> **TASK REQUIREMENTS**
Once the pictures are removed, restate the listing word for word.

> **INFORMATION SUPPLIED**
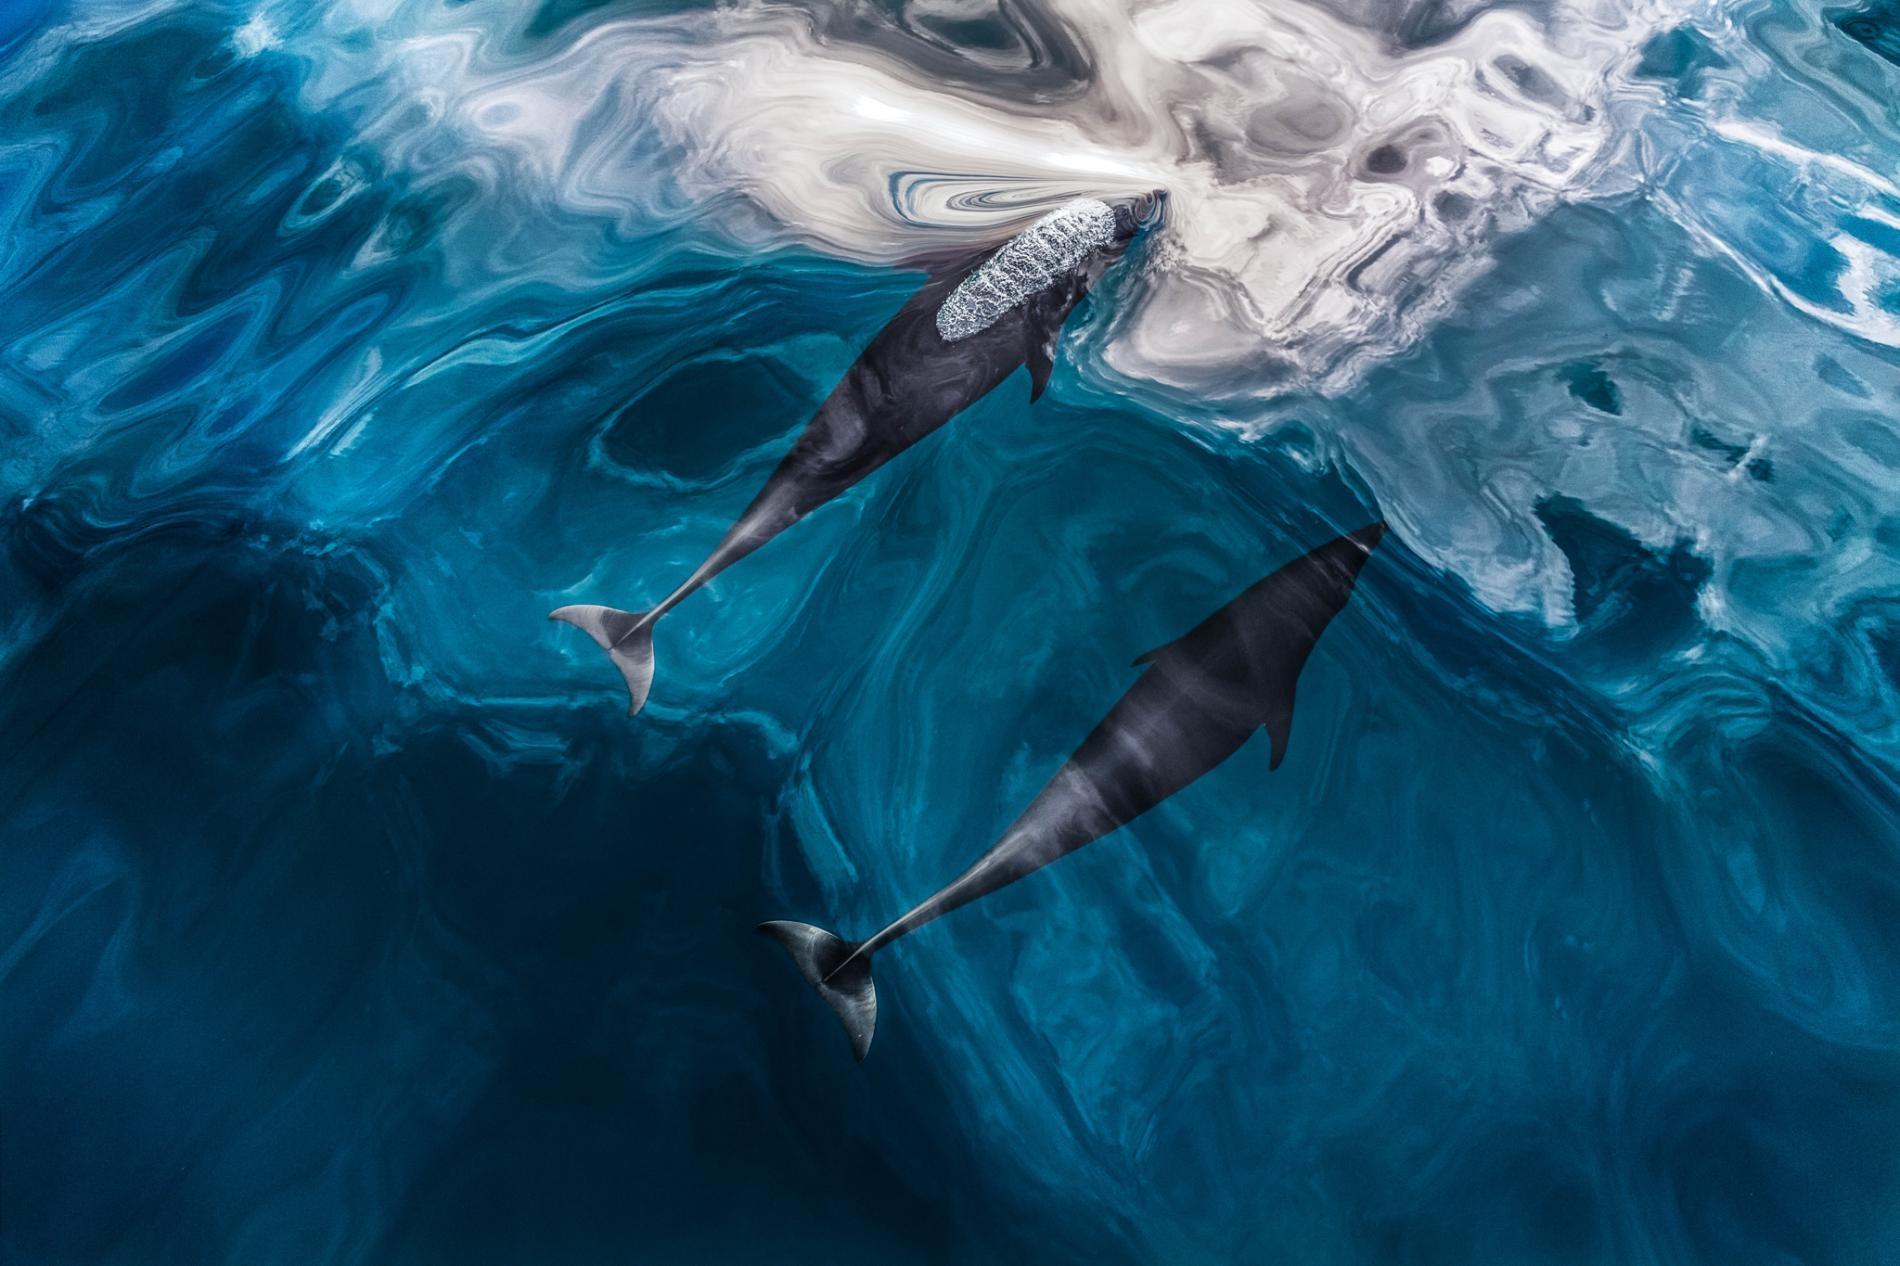 在加拿大不列顛哥倫比亞省附近海域,北露脊海豚就在水面下游泳。回音定位在海裡是一種很合理的策略,聲音在海水中傳播的速度比在空氣中快五倍。PHOTOGRAPH BY PAUL NICKLEN, NAT GEO IMAGE COLLECTION
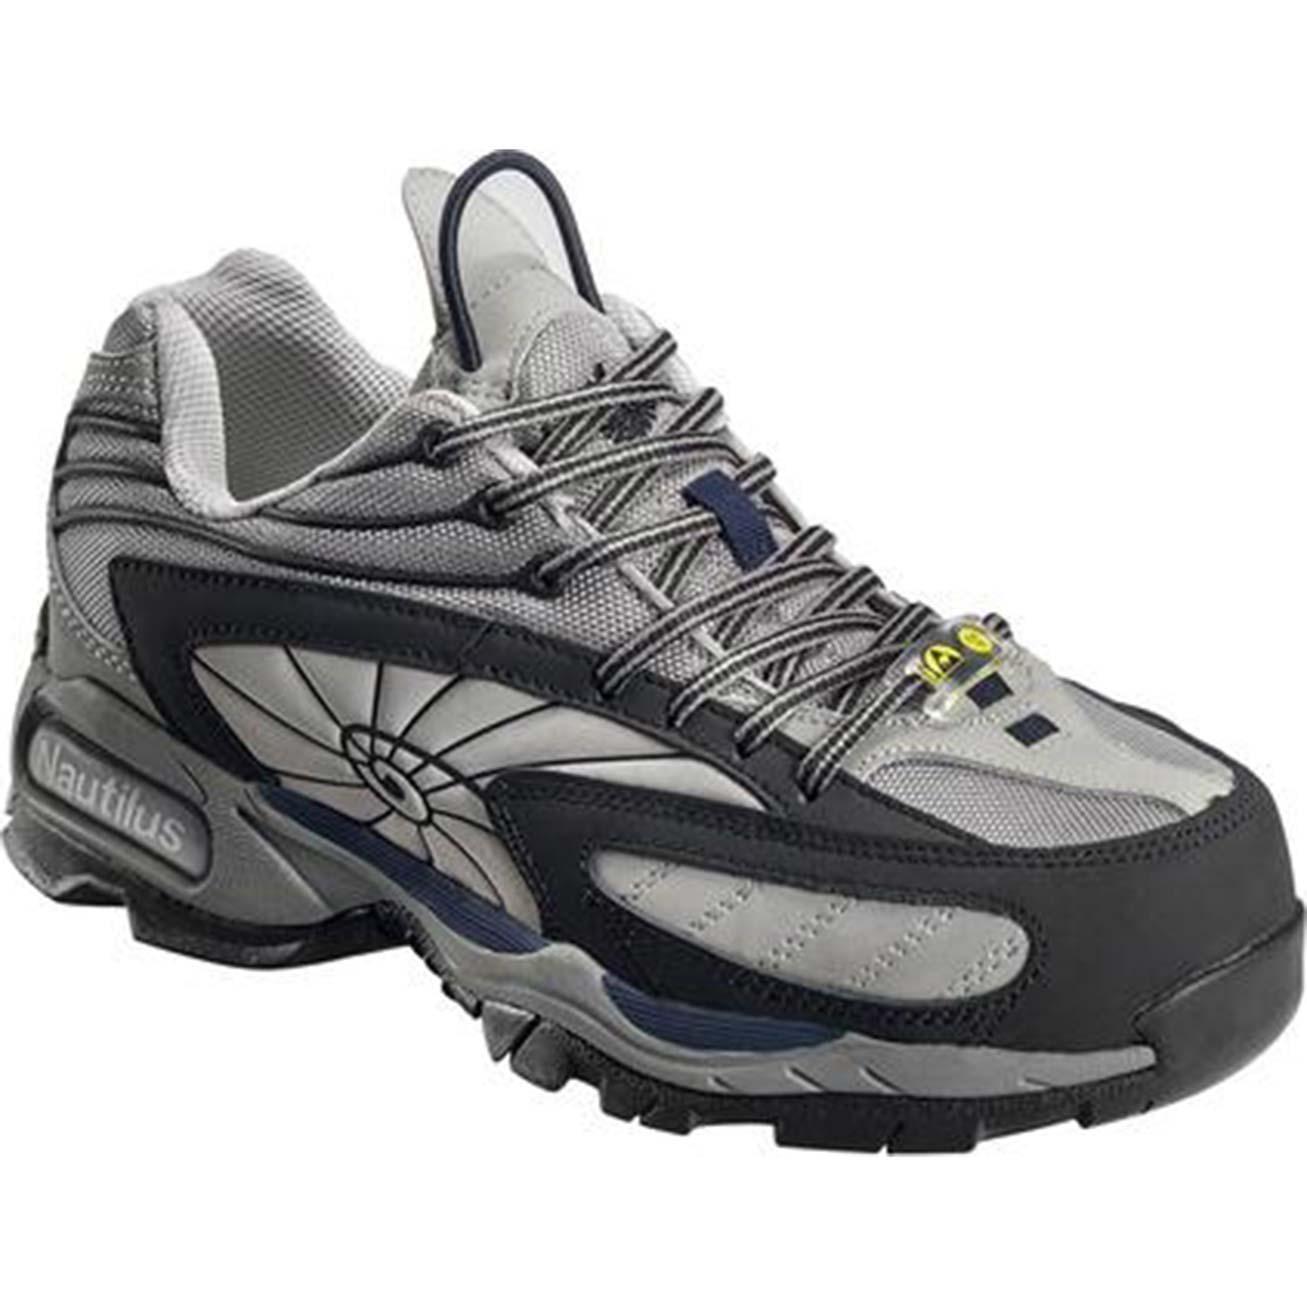 cheap steel toe shoes walmart
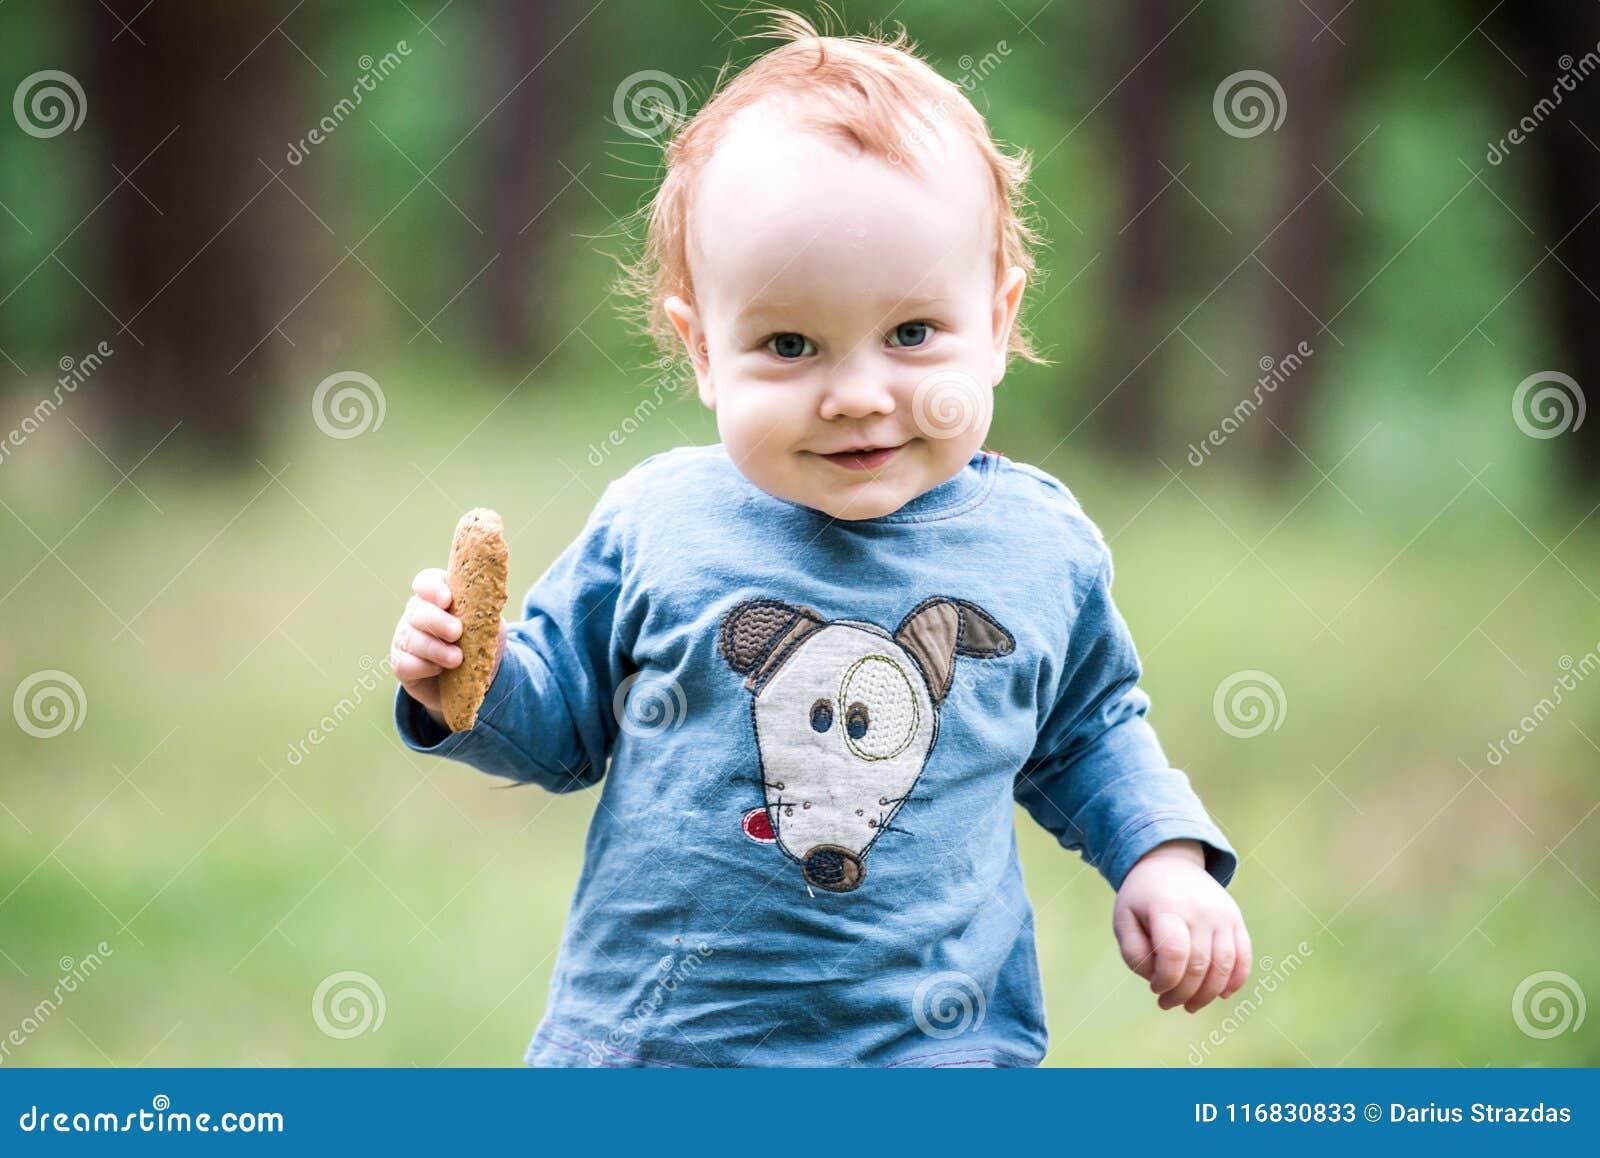 愉快的甜小孩在森林里

> **REPLY TO THE EXERCISE**
 在加拿大不列顛哥倫比亞省附近海域,北露脊海豚就在水面下游泳。回音定位在海裡是一種很合理的策略,聲音在海水中傳播的速度比在空氣中快五倍。PHOTOGRAPH BY PAUL NICKLEN, NAT GEO IMAGE COLLECTION
 cheap steel toe shoes walmart
 愉快的甜小孩在森林里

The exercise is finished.